When you consume carbohydrates such as bread or fruits, your body processes them all as sugar. This sugar, glucose, is released into your bloodstream. The pancreas sends insulin to bind with the glucose and retrieves some of the sugars for storage.
Approximately 80 to 100 grams of carbohydrates are stored in the liver and 300 to 600 grams in muscle tissue. Liver stores are used at a rate of approximately 5 to 6 grams per hour to fuel your thinking and your nervous system. Muscle stores are used during high-intensity exercises and most often only need to be replaced by athletes, not those who have sedentary jobs or enjoy channel-surfing in the evenings.
The Storage of Excess Carbs
When your diet contains extra carbohydrates such as a piece of toast with your eggs, a banana in your smoothie or croutons on your salad, your body processes and stores all carbohydrates the same. All carbs are broken down into the simplest components with the end result being glucose or sugar.
When the liver and muscle stores are at capacity, the body stores the remaining glucose as fat. Even if you exercise frequently and consume an excessive amount of carbs; your body will use carbohydrates from your bloodstream to fuel your workouts.

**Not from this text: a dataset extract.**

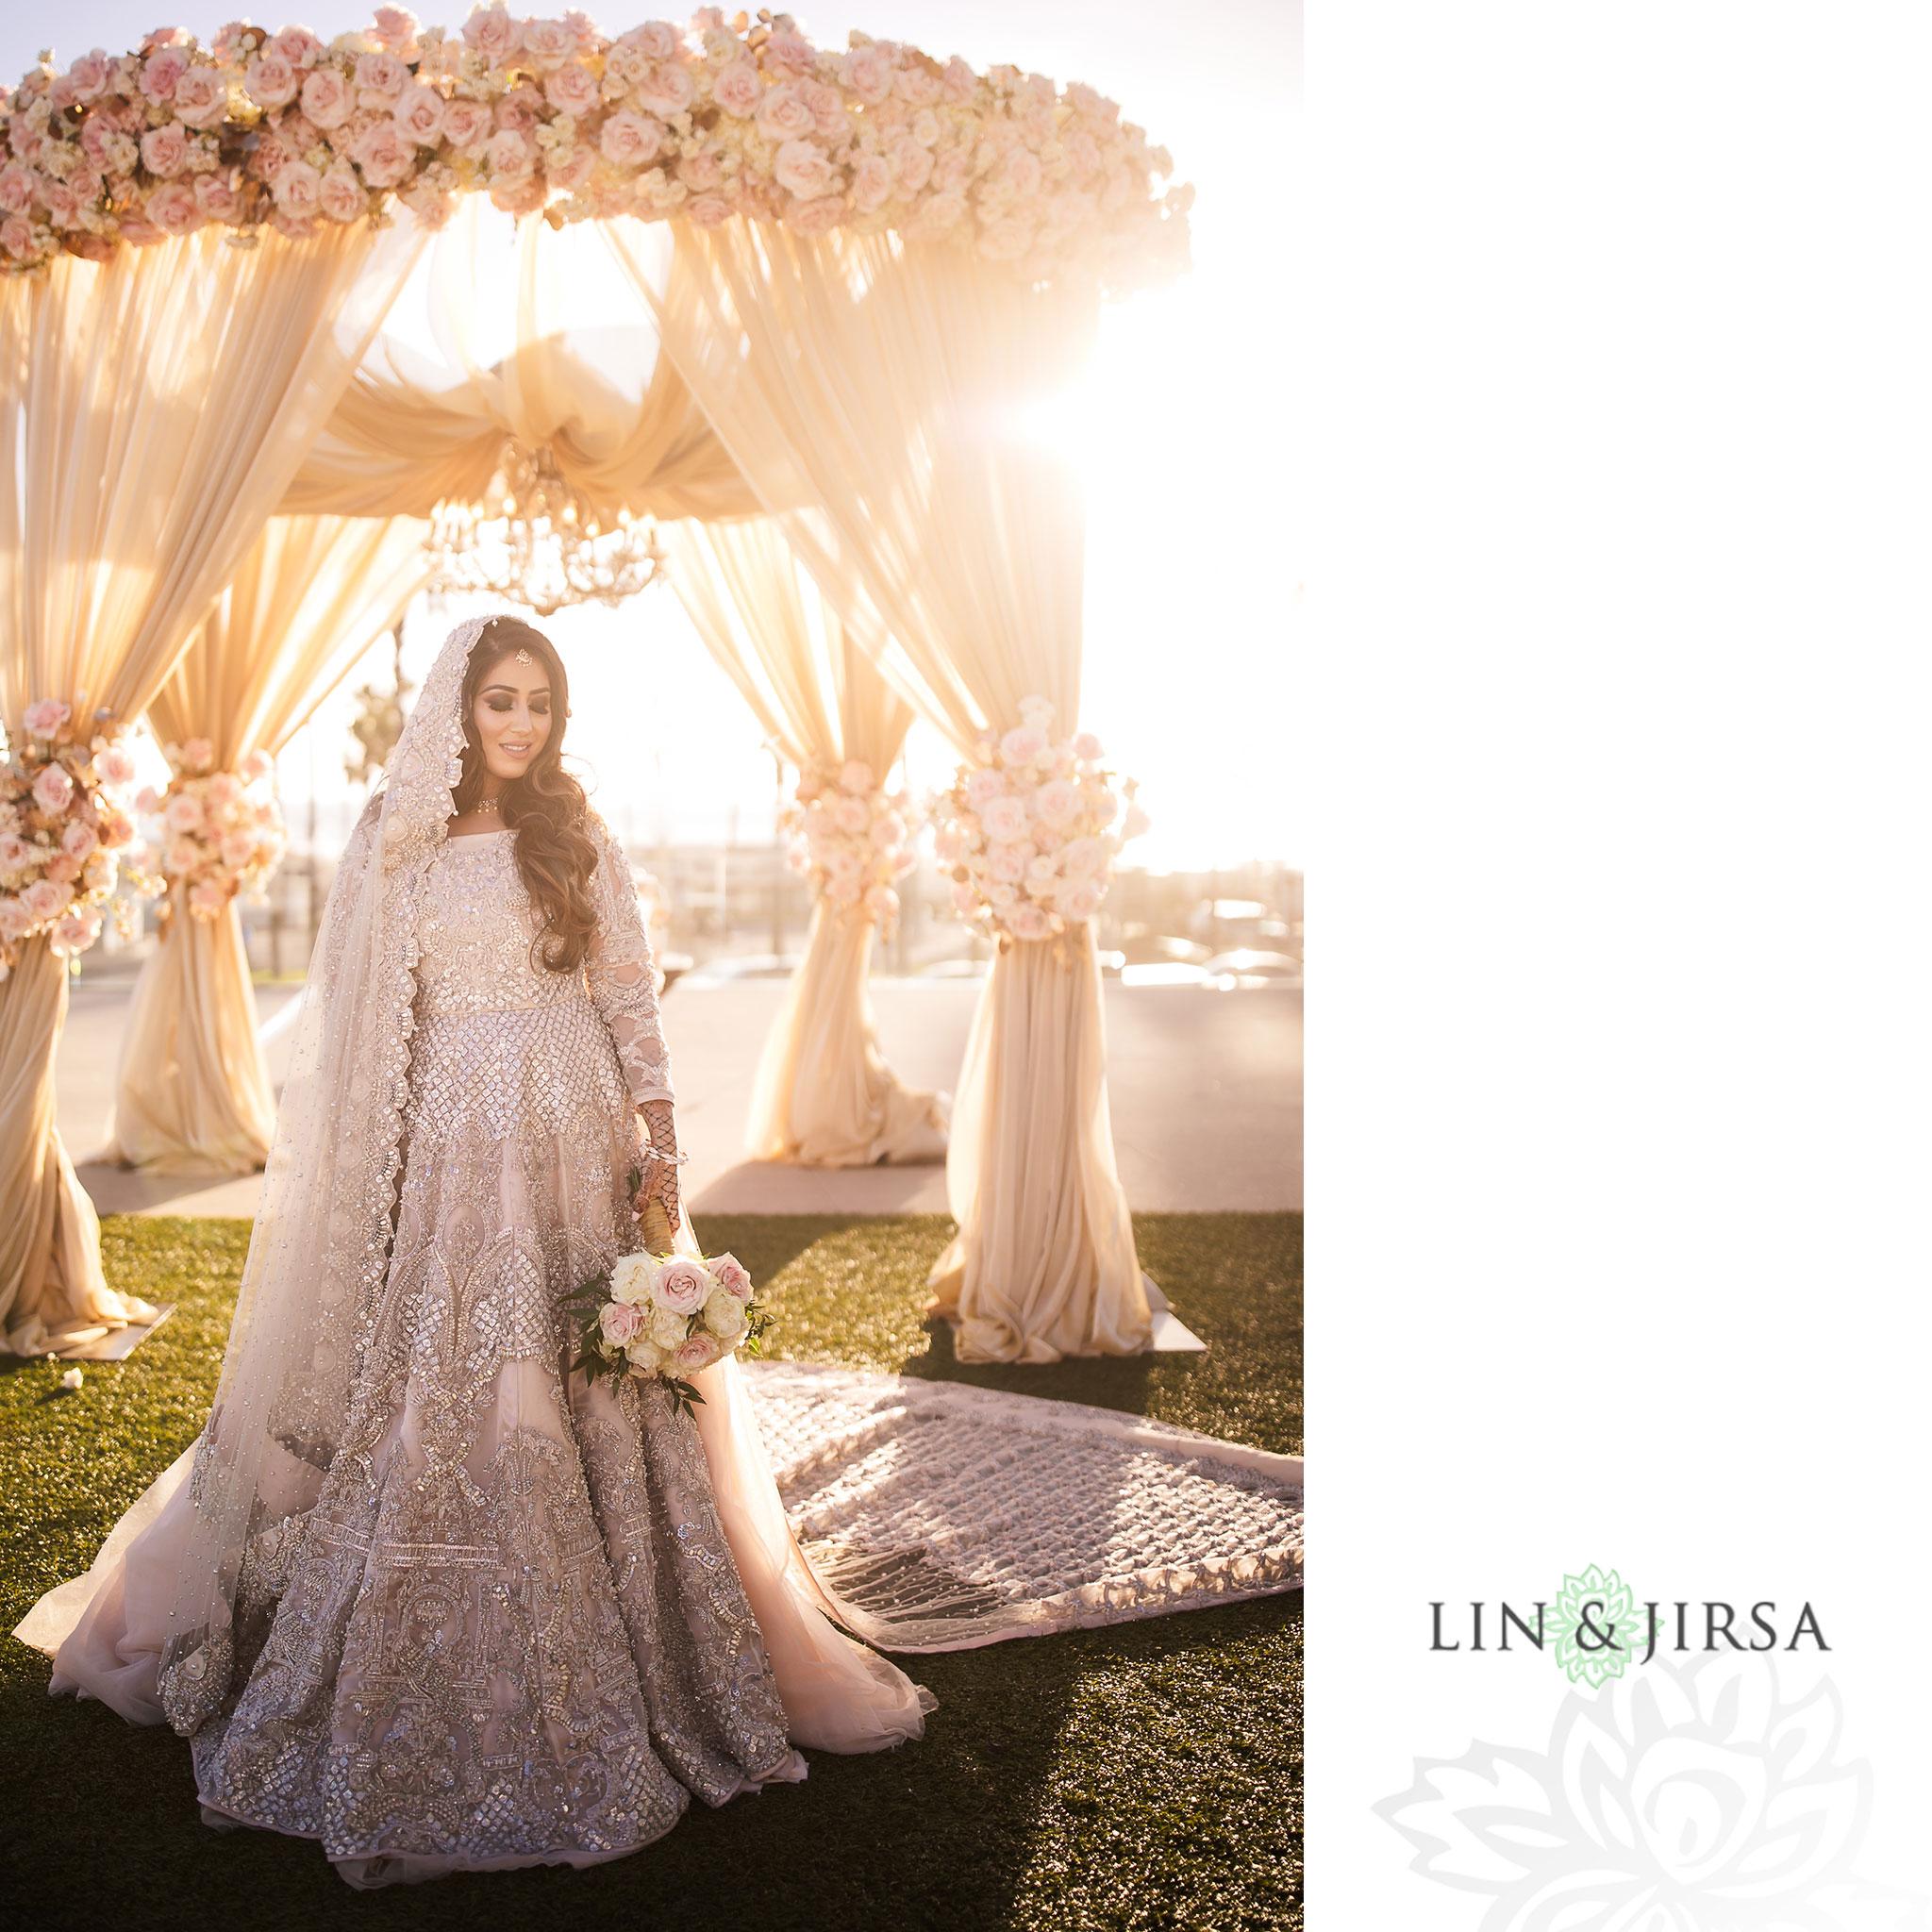 07 huntington beach pakistani bride erumkhan dress wedding photography

As a result, you will never get to the fat-burning potential of your fitness routine. If glucose remains elevated in your bloodstream for an extended period, you also run the risk of developing Type II Diabetes.
Explore Alternative Food Options
What if I told you that eating properly with the goal of losing fat, building muscle, and attaining that perfect beach body will also reduce inflammation, lower your risk for diabetes and lower your risk for heart disease?
Unless you are a competitive athlete, who most likely already has a beach body, your food sources need to change. The first thing I suggest is to lower your carbohydrate intake; consider replacing the fruit in your diet with veggies.
There isn’t a nutrient found in fruit that can’t be found in a vegetable. A lot of people who advocate fad low carbohydrate diets forget that the total number of calories you eat in a day does in fact still matter; if the goal is to lose body fat, at the end of the day you need to have a caloric deficit.
Remember that calories do matter, you can’t eat endless amounts of meat and dietary fat, but the type of calories you consume is more important than the ‘number’ of calories.
Eat More Fat
The next thing I suggest is that you eat more dietary protein and fat. Of the three macronutrients (carbohydrates, protein, and fat), fat is the most underrated. Dietary fat helps promote satiety (feeling of fullness) and is utilized very well as a fuel source by the body.
The formula is simple: lift weights, add high-intensity interval training to your exercise routine, reduce your carbohydrate intake, increase dietary protein, increase dietary fat, and stay consistent with your diet. Knowing the formula is easy, but following the formula is hard.
Here’s some advice from experience, when you have a bad day or a series of bad days; don’t abandon ship or lose motivation.
No one said it would be easy, get back to eating properly and let your dietary cheating motivate you the following days to stay consistent and adhere to the dietary principles that you know work.